About a month ago, I was at the grocery store waiting in the checkout line when I overheard an employee of the store disparaging transgender people while bagging groceries one aisle over. She was easily twelve feet away from me and the aisles were full of people also within level earshot of her unloving candor.
I couldn’t help myself. Loudly across the distance between us, I said, “Ma’am, you are representing the company while speaking like that about people. It’s bad enough that you hold this opinion yourself, but now you’re representing the company as well.” She shouted back, “I’m not representing the company. And you’re just taking this too personally!” I said, “I’m not taking it personally. You’re wearing their uniform and performing your job at this exact moment. And clearly, you know nothing about the subject or else you wouldn’t be saying any of this.”
Our exchanges continued for a bit. Her’s hostile, mine refusing to back down. Until I decided my point had been made and I need not continue making the people around us feel either uncomfortable or wished they could pull up a chair and eat popcorn to watch the show.
I wouldn’t normally have a loud verbal smackdown with somebody so publicly, but I just couldn’t believe how unkind and incorrect she was being about a subject she clearly knows nothing about, especially from the ersatz bully pulpit of a professional setting.
I’m sure my confrontation didn’t change her mind, but no one around me stood up for her and several people gave me subtle smiles. I don’t normally like being a tattletale either, but I couldn’t help but call the management as I was exiting the parking lot to let them know. He was grateful that I told him and made a point to tell me that that is not the view of their store. I expressly did not want her fired, just admonished.
In the days that followed I replayed the scene in my head over and over. I wondered if I was just being a “Karen.” No, I didn’t overdo my meltdown, I never allowed my anger to foment into public rage. I wondered if I had embarrassed myself to the level that my calling her out had clearly embarrassed her. No, I was defiantly firm, but not unkind. I said my peace, but didn’t lose my cool. I didn’t storm to the Customer Service desk afterward and demand to see a manager so that I could point her out in front of everyone. I kept my dignity and avoided further bedraggling hers.

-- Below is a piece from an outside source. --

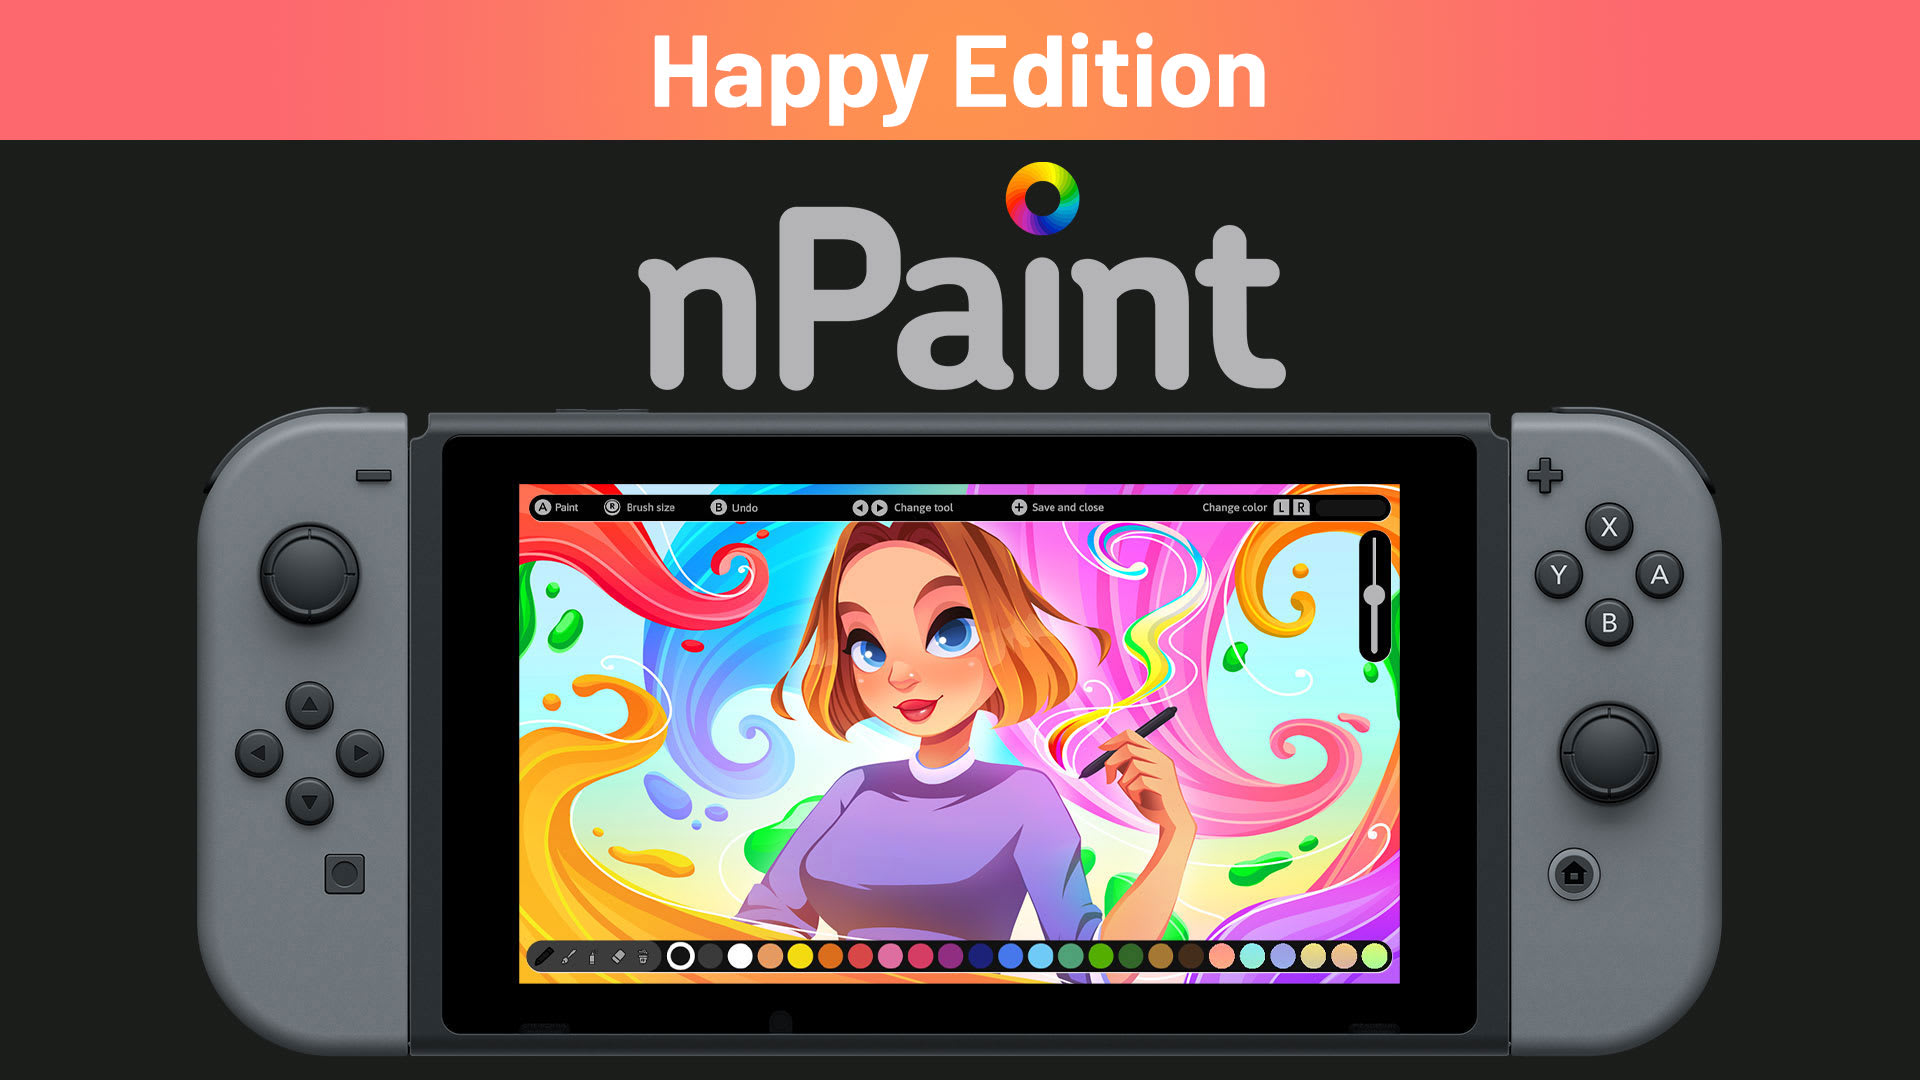 nPaint Happy Edition 1

I hoped that I had modeled good behavior for others around me. Maybe I did. Hard to say. Fingers crossed. But there was one point of the conversation that I wished had gone differently. I wish that when she accused me of taking it personally I had acknowledged that, yes, I definitely was taking it personally.

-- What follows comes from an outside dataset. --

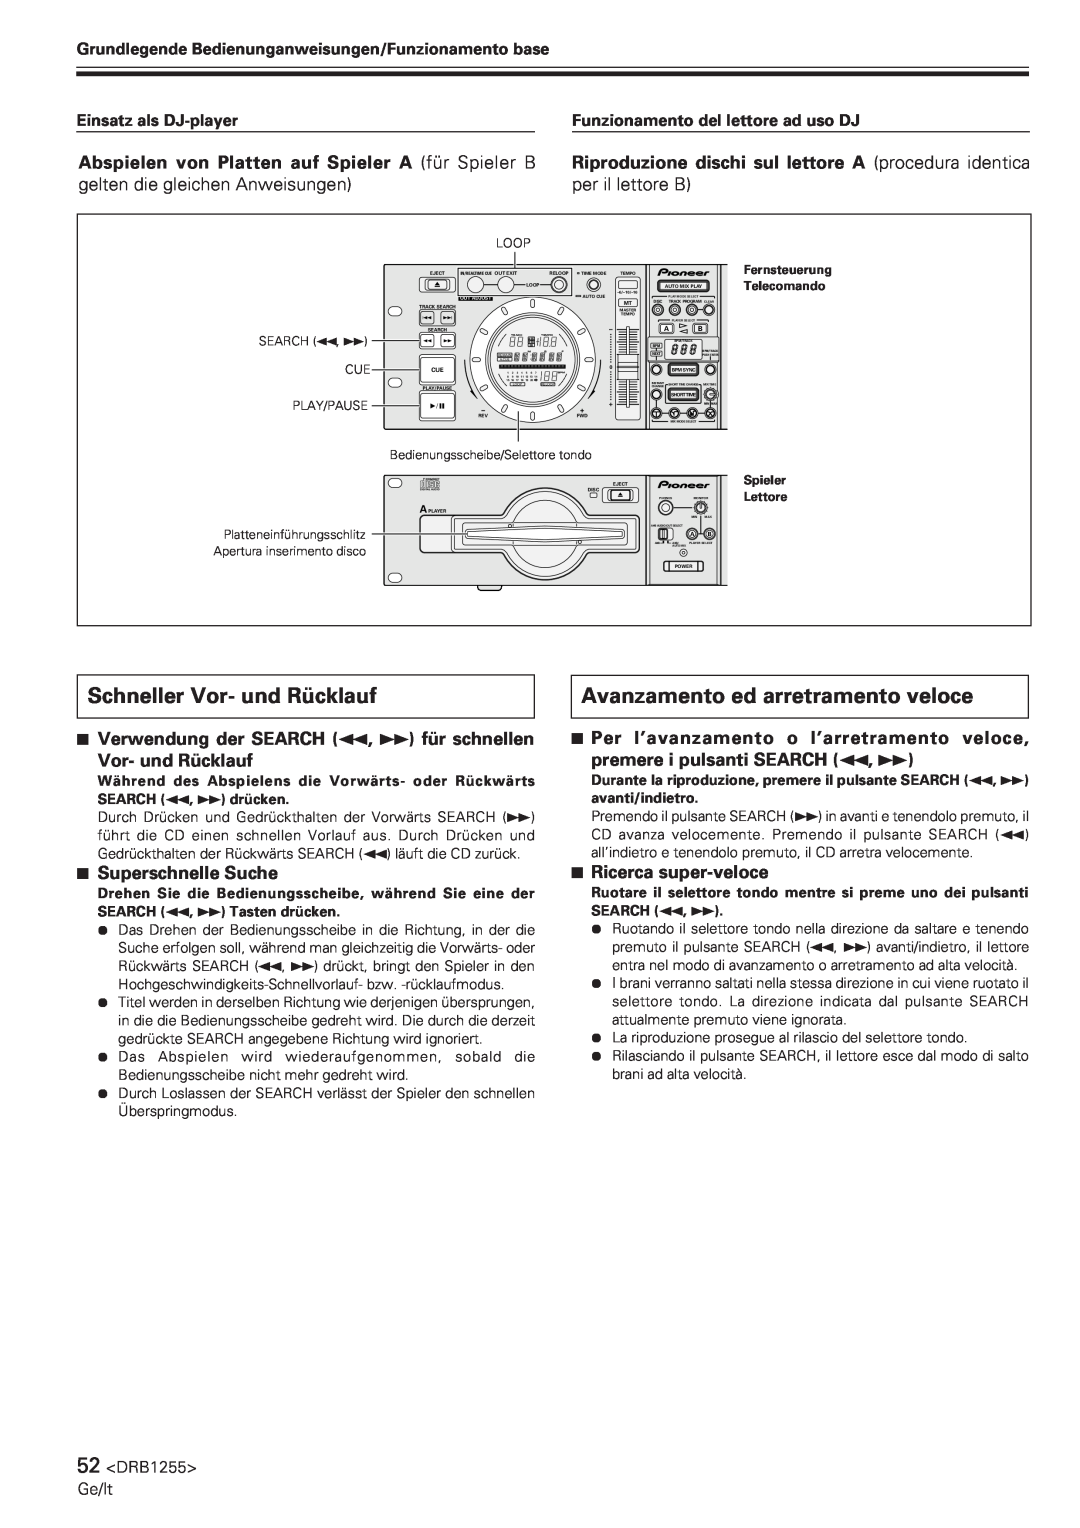 Pioneer CMX-5000 manual Schneller Vor- und Rücklauf, Avanzamento ed arretramento veloce, premere i pulsanti SEARCH 1, Á

I take it personally when people like her make those I love feel unsafe in this world. I am not sorry that I took her words personally and I should have said so. I’m not sorry that I countermanded her publicly-stated ignorance with an equally publicly-stated reprimand. But I am sorry I didn’t let her—and by extension, everyone around us—know that what she was saying can be overheard. And you never know who’s listening.
What if there had been a transgender kid listening to her being further exposed to the false idea that who they are is somehow wrong? What would it have made them feel like if no one had said anything in their defense? It would have made them feel like she must be right.

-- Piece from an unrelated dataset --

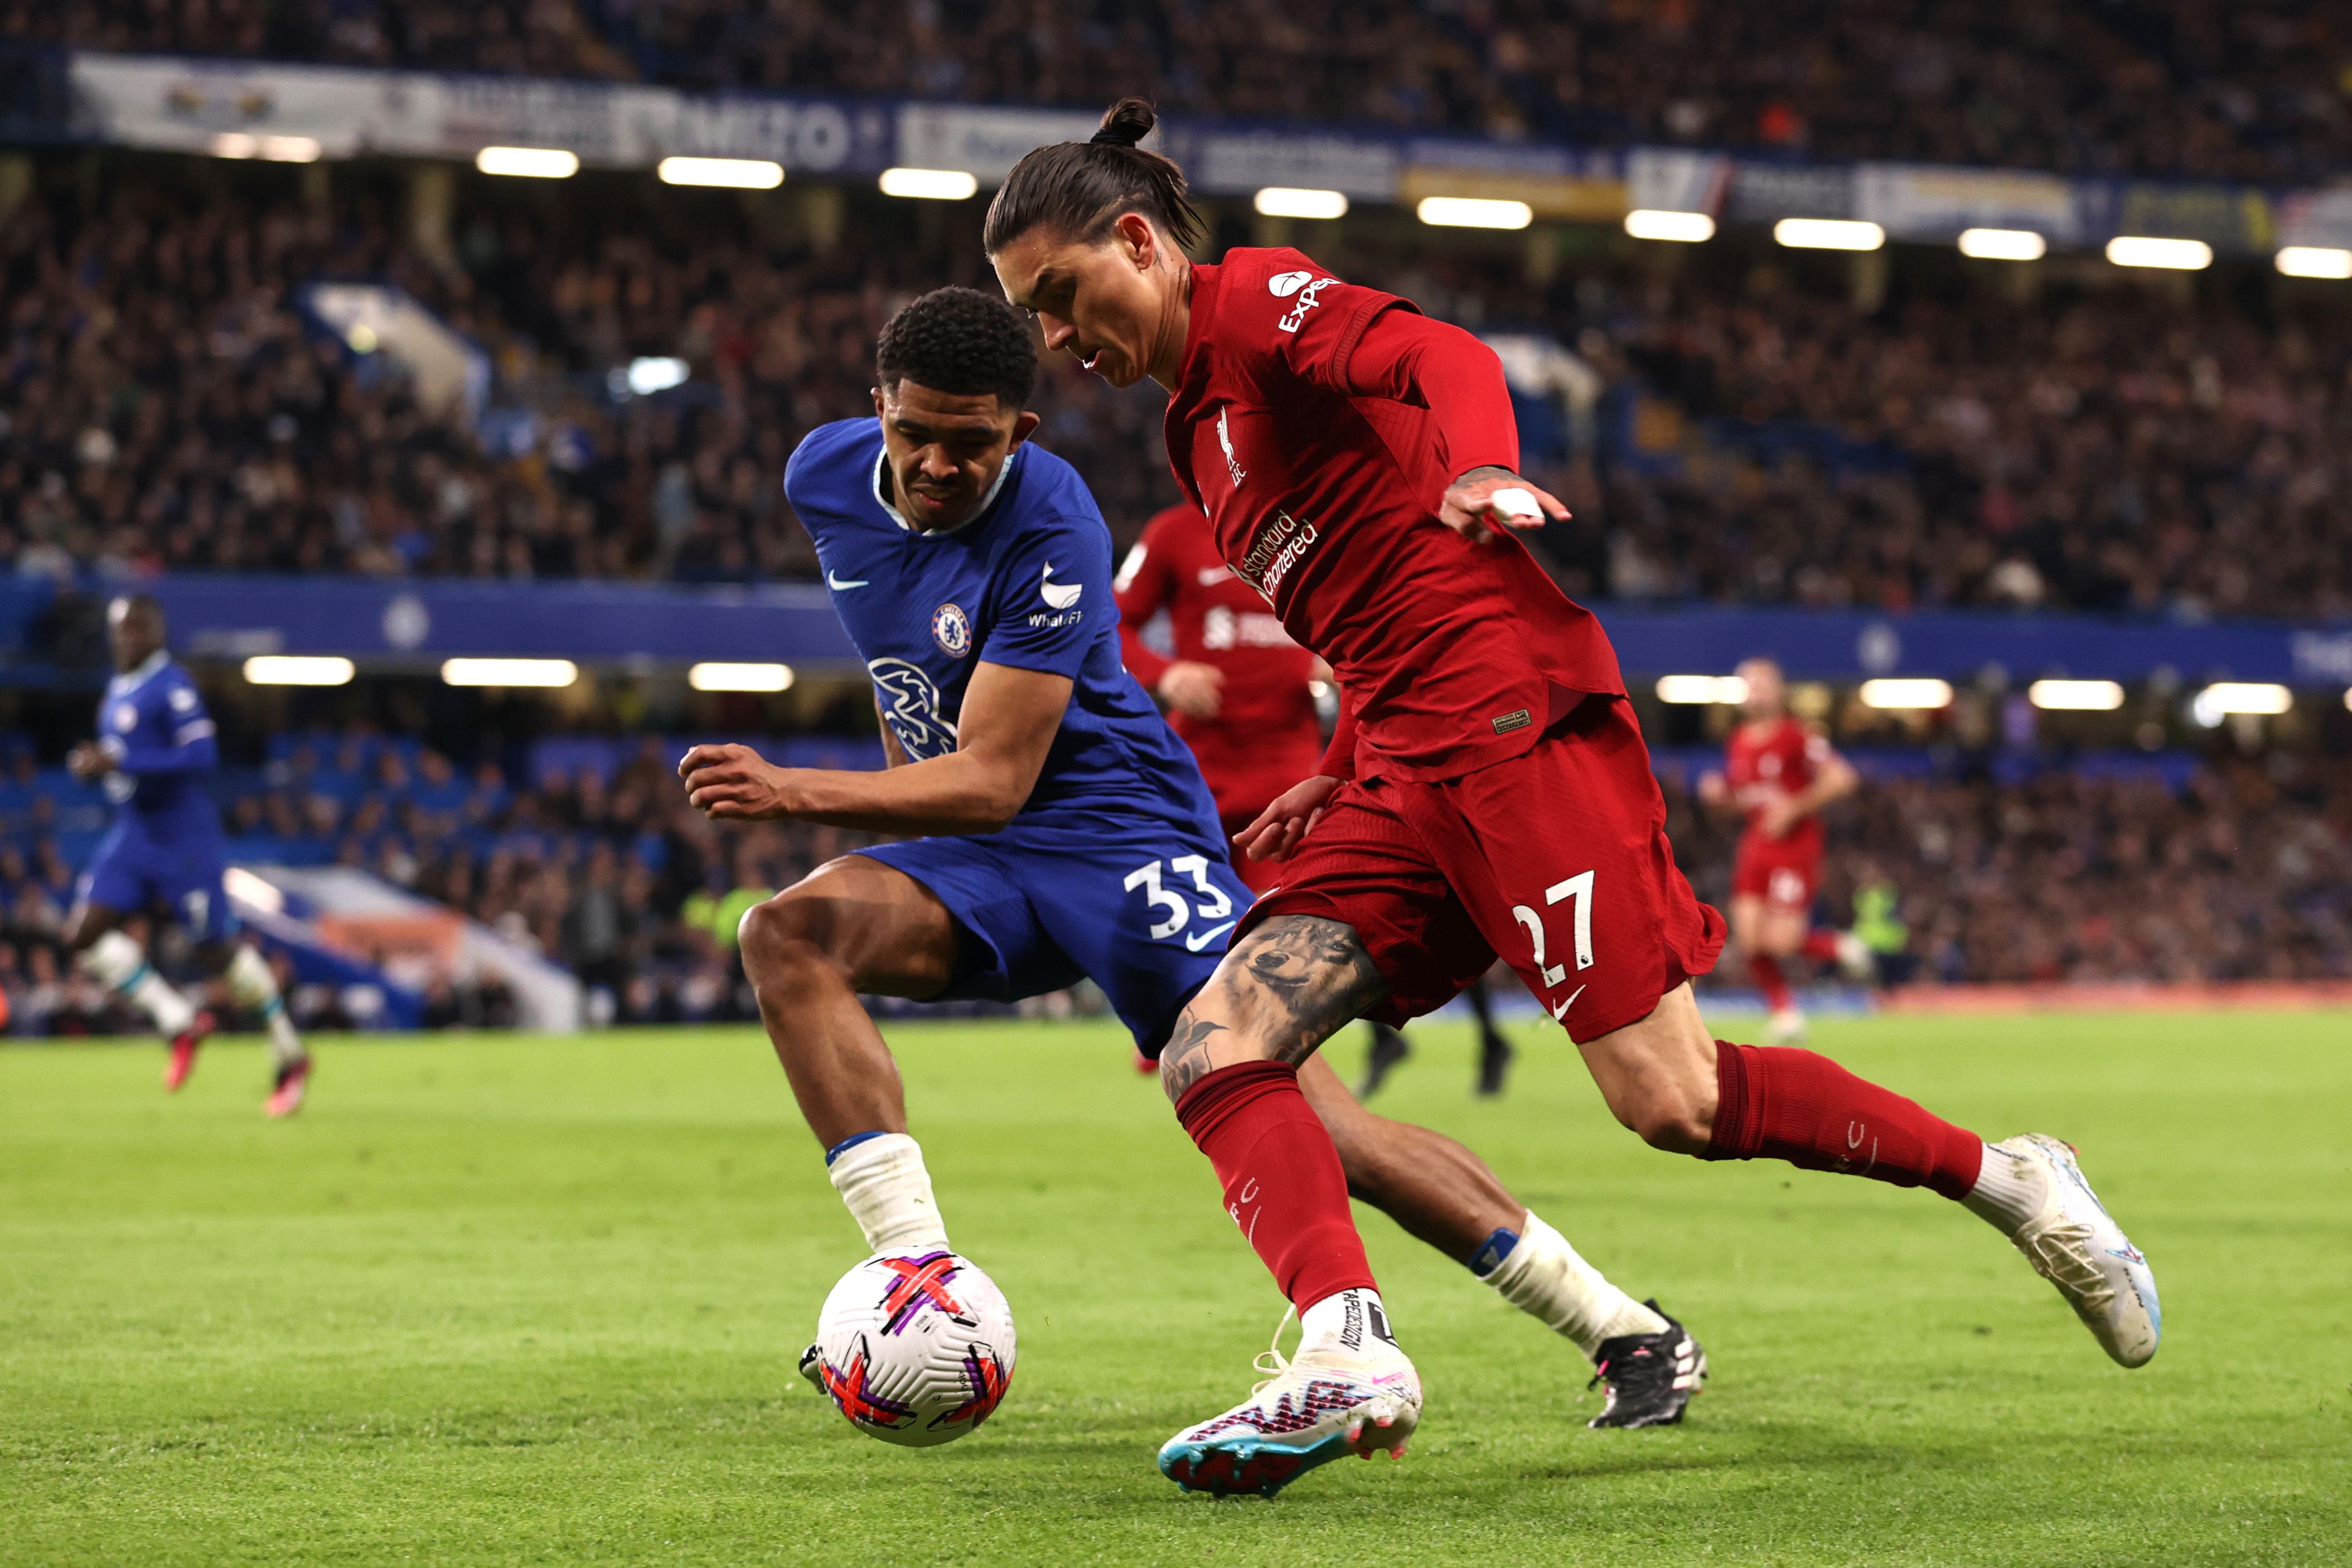 Darwin Nunez of Liverpool runs with the ball vs Chelsea.

The fact is, transgender people have an astronomically higher rate of suicide unless they are supported by their family, their community, and receive appropriate gender-affirming care. Why might that be? It’s not because they’re lying about who and what they are. Nor have they been brainwashed by their parents, as one of that employee’s accusations had leveled. If it’s so easy to brainwash a kid into believing that their perceived gender does not match their appearance, why don’t people just brainwash them to be otherwise? Because truth can’t be brainwashed for very long or without dire consequences.
I wished I had told her just how deeply personally I take it, because people's lives are actually, literally, at stake. And not just people I know and love.
I also wished I had asked the management if I could sit down and talk with her, rather than just leave the residue of our confrontation clinging to us indefinitely, without resolution. Without compassion. I wished, and I still wish, I could tell her that it’s not a sin to be ignorant. Ignorance can be healed. It can be educated. Its fears have a right to be heard, too.
I hope she reads this column. I hope she knows that her words do have an impact on the world. And that, in the absence of always knowing what’s true, at least seek to do no harm.
We are responsible for our neighbor. Whether you like them, or not, whether you love them or not, whether or not you understand them or agree with them, we are the caretakers of one another. All of us. If someone needs something, seek to understand it before condemning it. There is always something more profound to comprehend.
That’s what I really wished I had said.